*** Block opens ***

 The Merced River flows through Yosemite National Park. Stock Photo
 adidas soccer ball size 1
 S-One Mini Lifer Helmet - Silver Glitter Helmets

*** Block closes ***

■ **Instructions for the task**
Your task is to extract the lines running from the one with "adidas soccer ball size 1" to the end of the material, inclusive, copying each exactly and adding nothing.

■ **The completed task**
 adidas soccer ball size 1
 S-One Mini Lifer Helmet - Silver Glitter Helmets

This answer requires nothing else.